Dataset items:
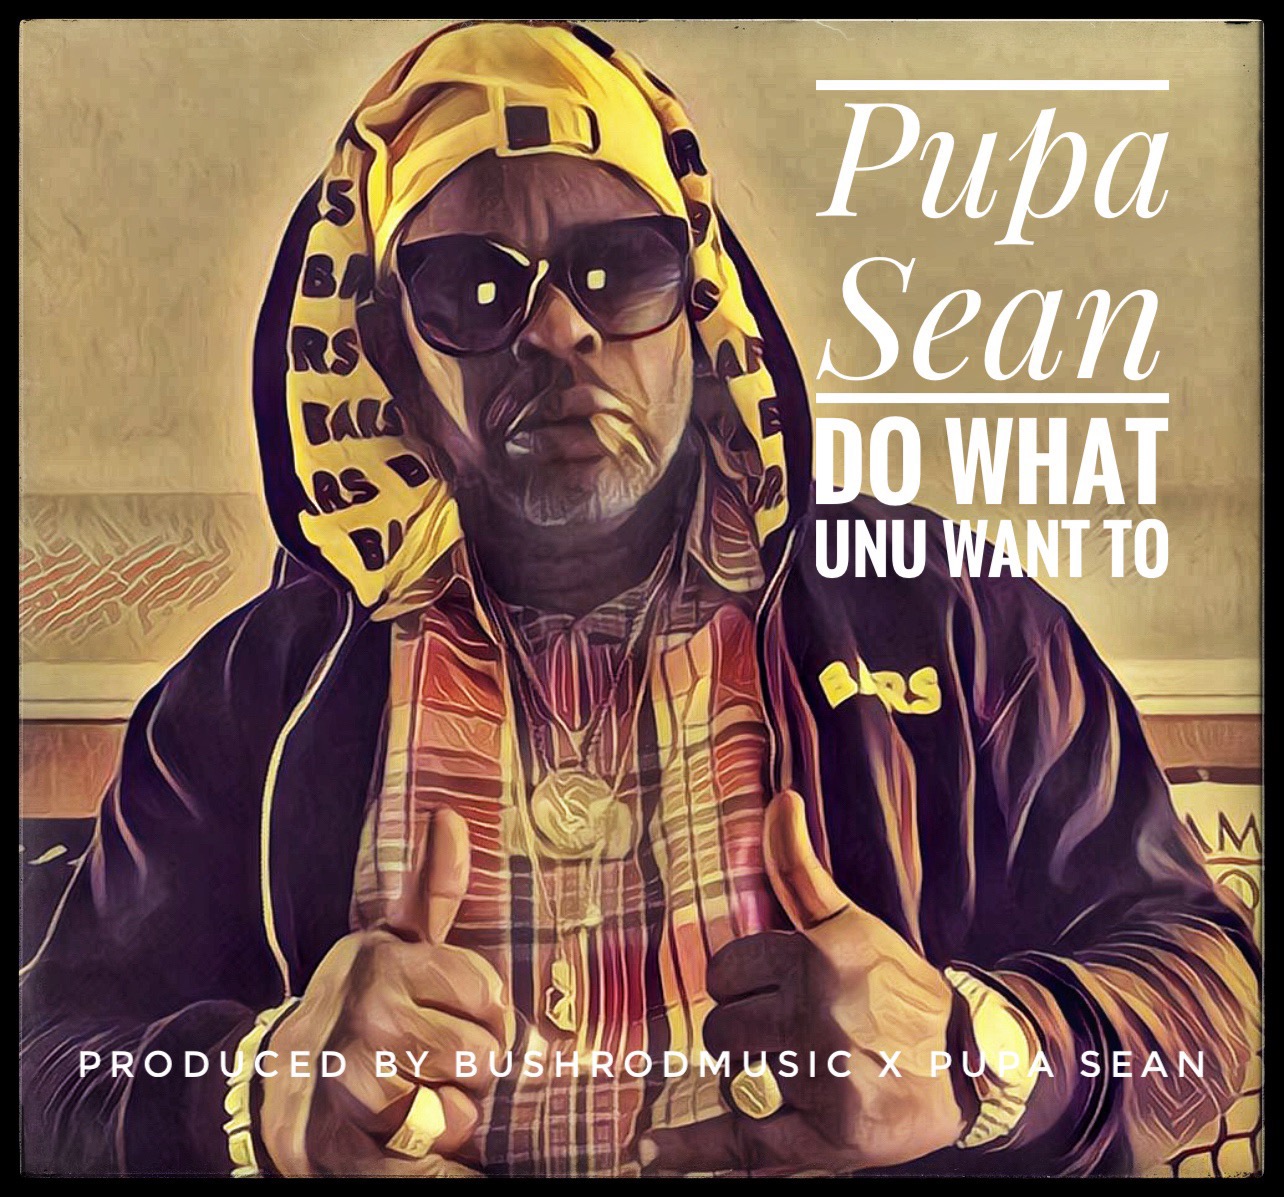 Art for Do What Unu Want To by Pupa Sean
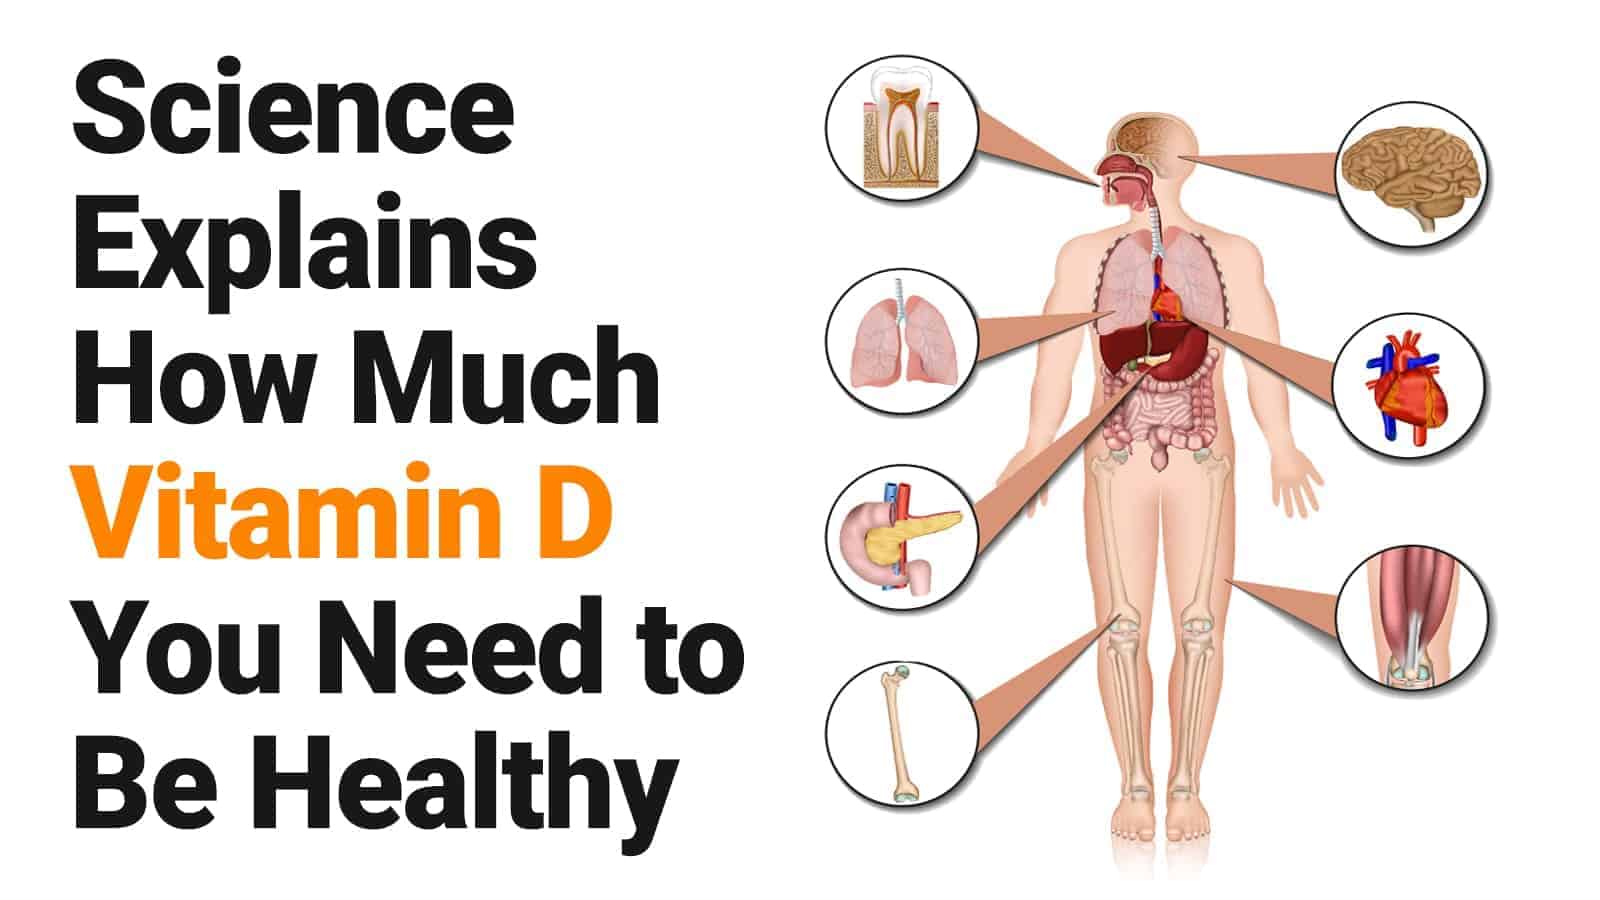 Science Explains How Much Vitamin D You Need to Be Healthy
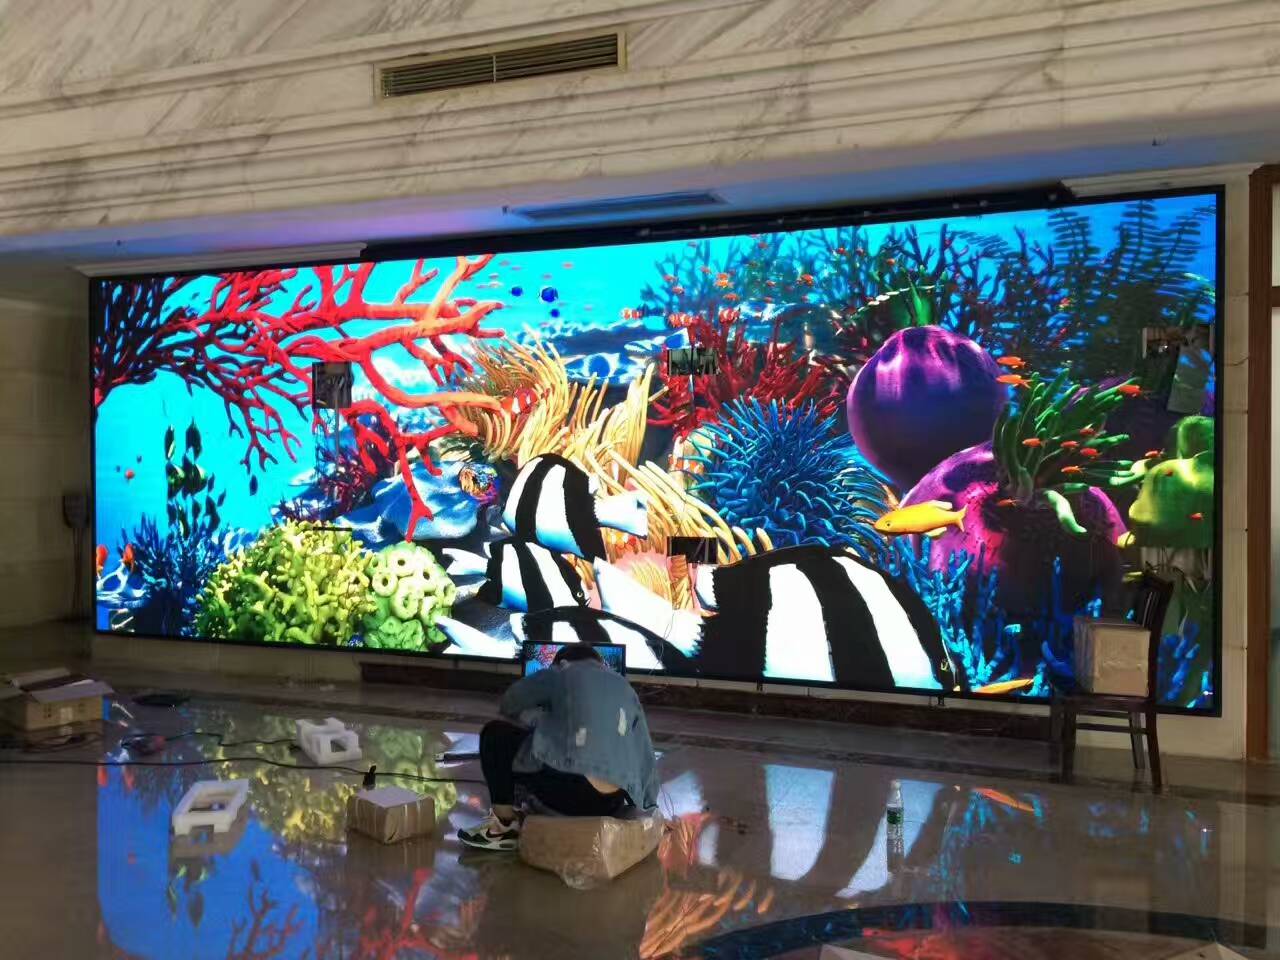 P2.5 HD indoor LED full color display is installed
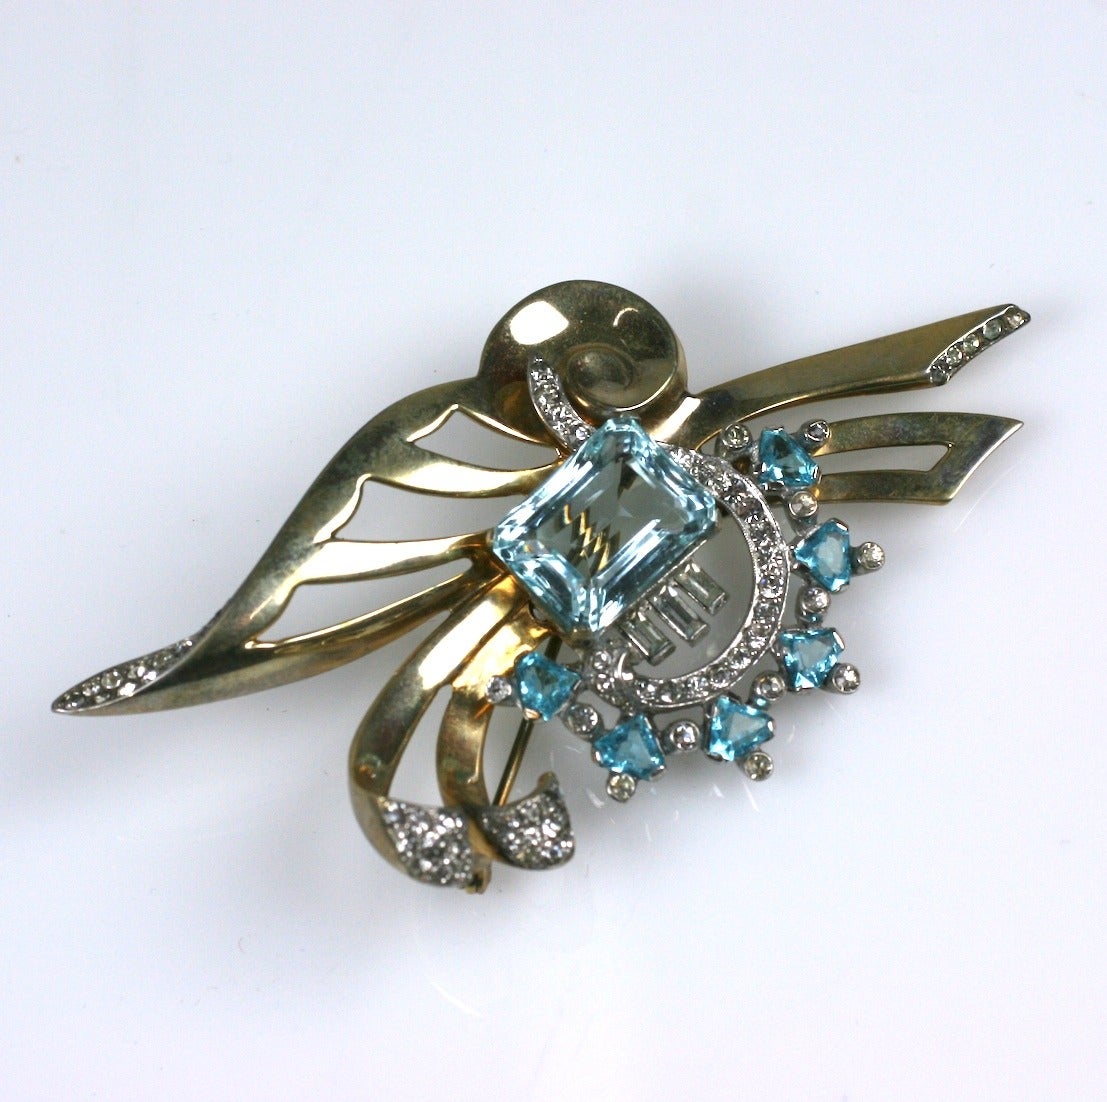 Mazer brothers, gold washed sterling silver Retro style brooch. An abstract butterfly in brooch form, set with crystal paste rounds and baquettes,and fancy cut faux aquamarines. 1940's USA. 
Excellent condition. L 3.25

WORK ORDER:
Reproduce the data word for word, excluding its pictures.

SOLUTION BELOW:
 Art for Do What Unu Want To by Pupa Sean
 Science Explains How Much Vitamin D You Need to Be Healthy
 P2.5 HD indoor LED full color display is installed
 Mazer brothers, gold washed sterling silver Retro style brooch. An abstract butterfly in brooch form, set with crystal paste rounds and baquettes,and fancy cut faux aquamarines. 1940's USA. 
Excellent condition. L 3.25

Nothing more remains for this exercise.